3. Chelsea need midfield balance – quickly
That Antonio Conte was seemingly happy to allow Nemanja Matic to join a Premier League rival was descriptive. It wasn’t a bad decision, particularly as Tiemoue Bakayoko has been signed as a replacement partner for N’Golo Kante.
The Community Shield did show, however, just how important the centre of midifeld is to Chelsea’s overall stability. Even without Aaron Ramsey and Santi Cazorla, Arsenal’s ability to penetrate into the final third was concerning and, on more than one occasion, showed that Cesc Fabregas is beyond an age where he can realistically expect to be a defensive asset. Bakayoko should resolve that issue and allow Fabregas to only be depended upon for his creative value, but it’s a role he’ll need to grow into quickly if Chelsea are to retain their title.
4. Chelsea’s economy is their greatest commodity
There are many reasons why Chelsea are reigning Premier League champions, but most important among all of them is their durabiity.
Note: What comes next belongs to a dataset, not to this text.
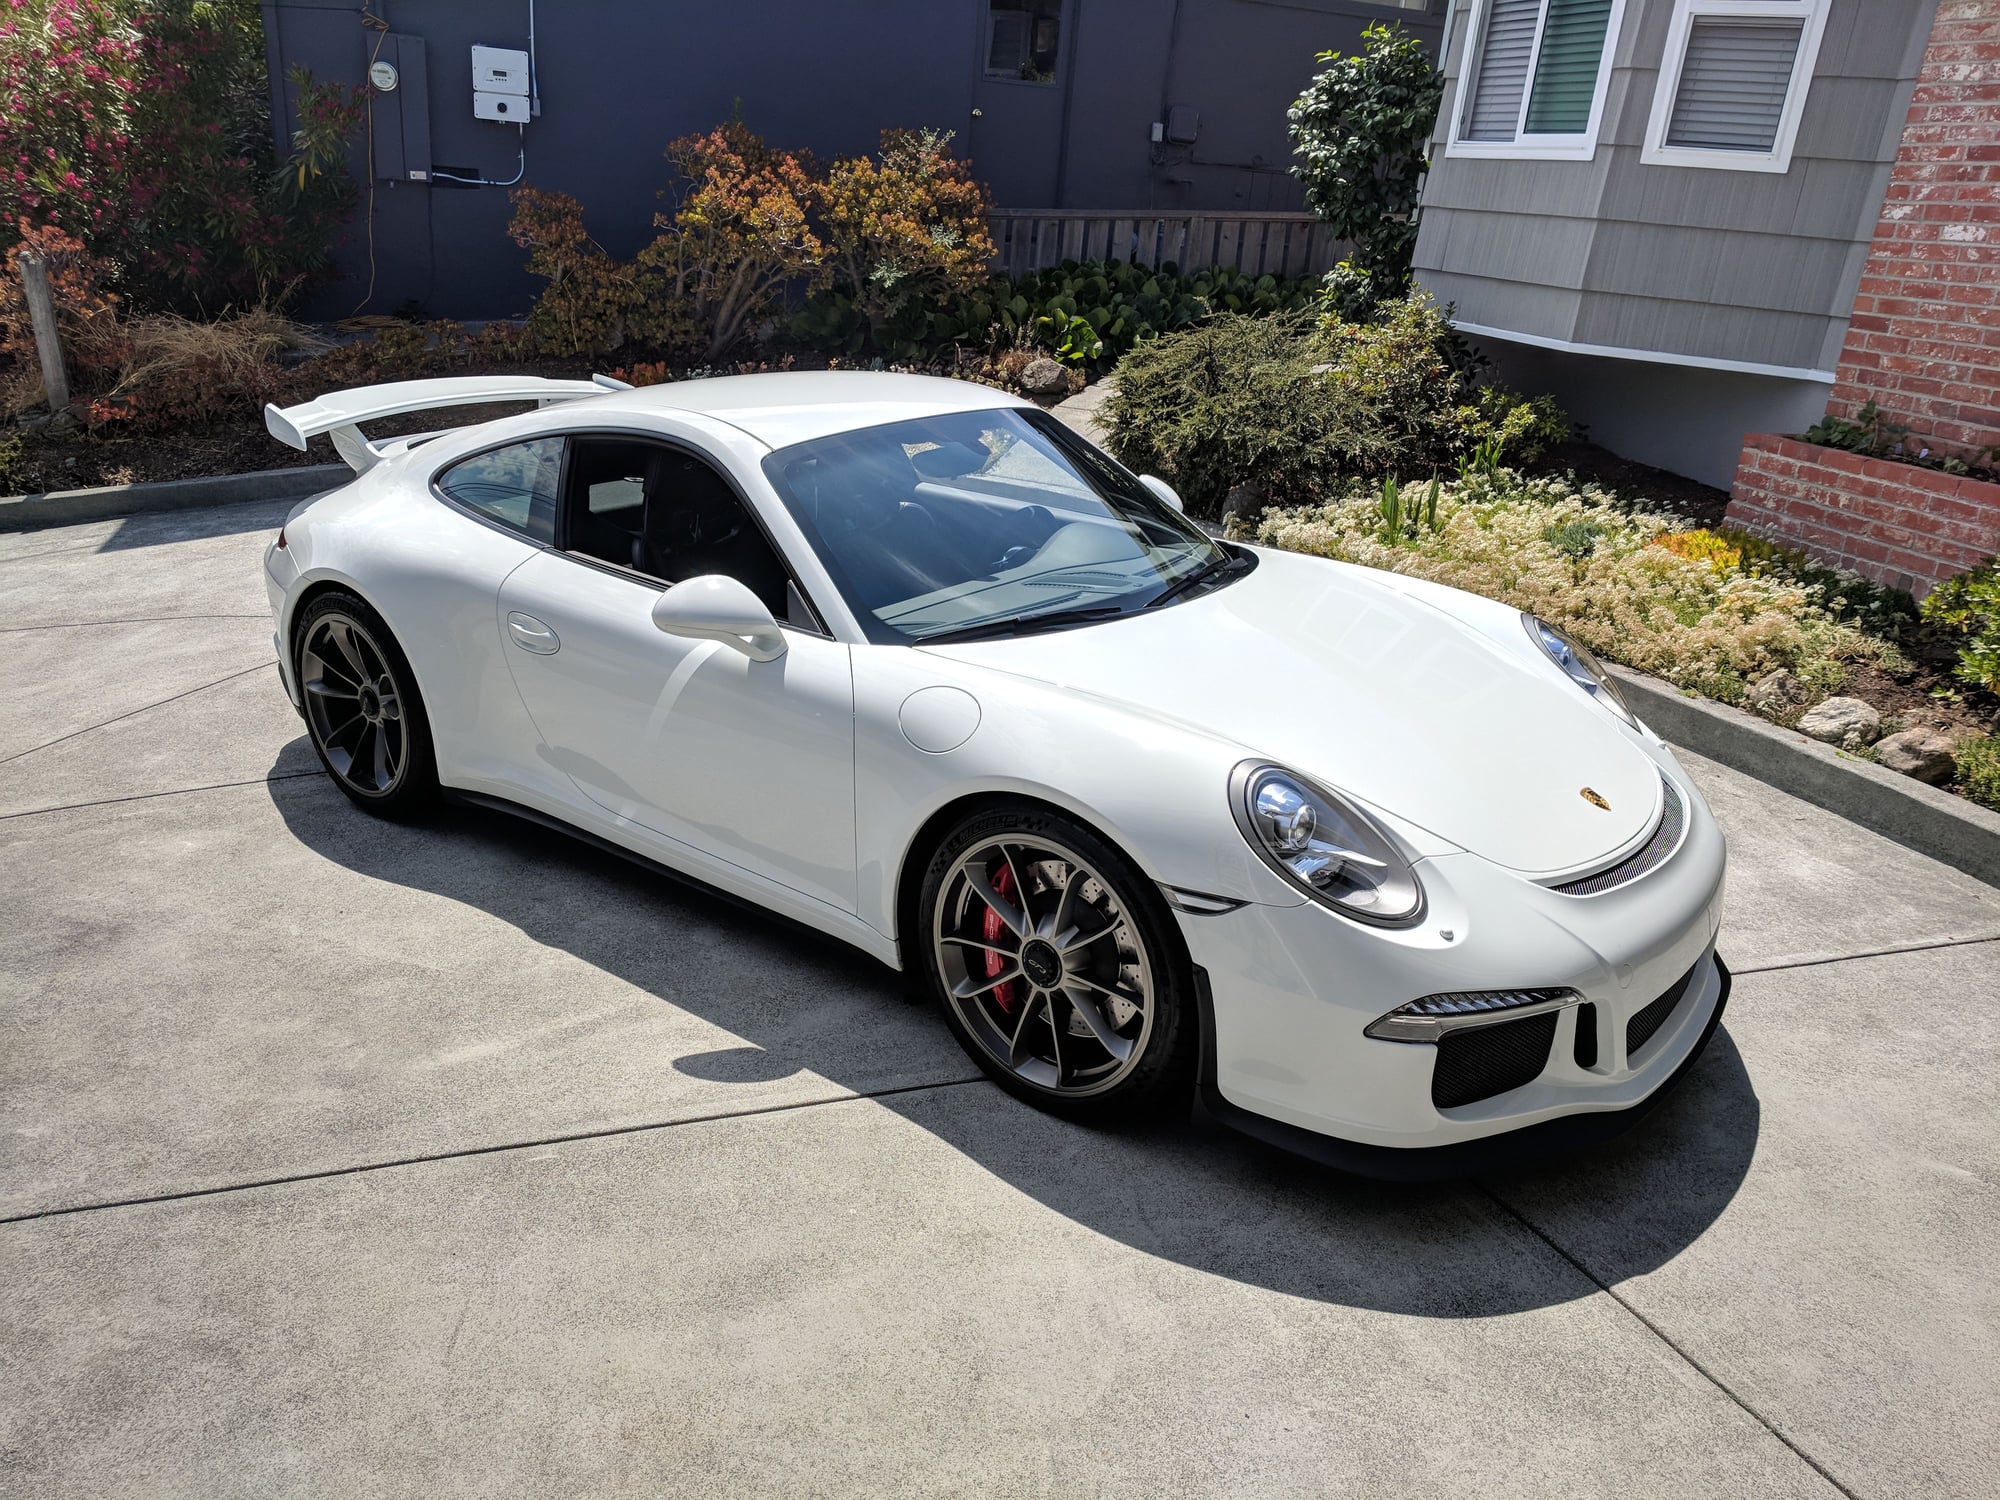 Wheels and Tires/Axles - WTT: Silver 991 GT3 Wheels for Black Wheels - Used - 2013 to 2019 Porsche GT3 - San Francisco, CA 94107, United States

They didn’t play well at Wembley, Arsenal were superior for long periods and deserved their win, but they were – as they have often been under Conte – economical. When Victor Moses scored just after half time, it was from his side’s first proper chance of the game. Arsenal had done little wrong, hadn’t needed to withstand any concentrated pressure, but were punished ruthlessly for a fleeting lapse in concentration.
Mistakes happen in football and must be tolerated, but this game served to illustrate just how important it is to take chances against this Chelsea team. They aren’t particularly stylish – in fact they’re rather robotic – but they punish profligacy like no other. Worse, they don’t need to be playing particularly well to do it. They may have ultimately lost on penalties, but under normal conditions they would have snuck away with a draw despite being badly out-hit.
5. Sead Kolasinac solves a potential Arsenal problem
Kolasinac eventually scored the equaliser – and a fine header it was – but his more general performance was encouraging. While Arsenal players in recent years have nearly all adhered to the same willowy, technical profile, the Bosnian is a hybrid of physical size and no little technique.
Towards the end of last season, Wenger migrated away from his traditional back four and deployed a three centre-back system which ultimately proved highly successful – most notably, of course, against Chelsea themselves in the cup final.
The signing of Kolasinac would appear to suggest that to be a permanent change. He has the mobility and stamina to play full or wing-back, but clearly also the frame and attributes to occupy the left centre-back position too. Given that Wenger was initially prepared to trial Nacho Monreal in that role in late 2016/17, Kolasinac’s arrival should allow Arsenal to evolve with few growing pains.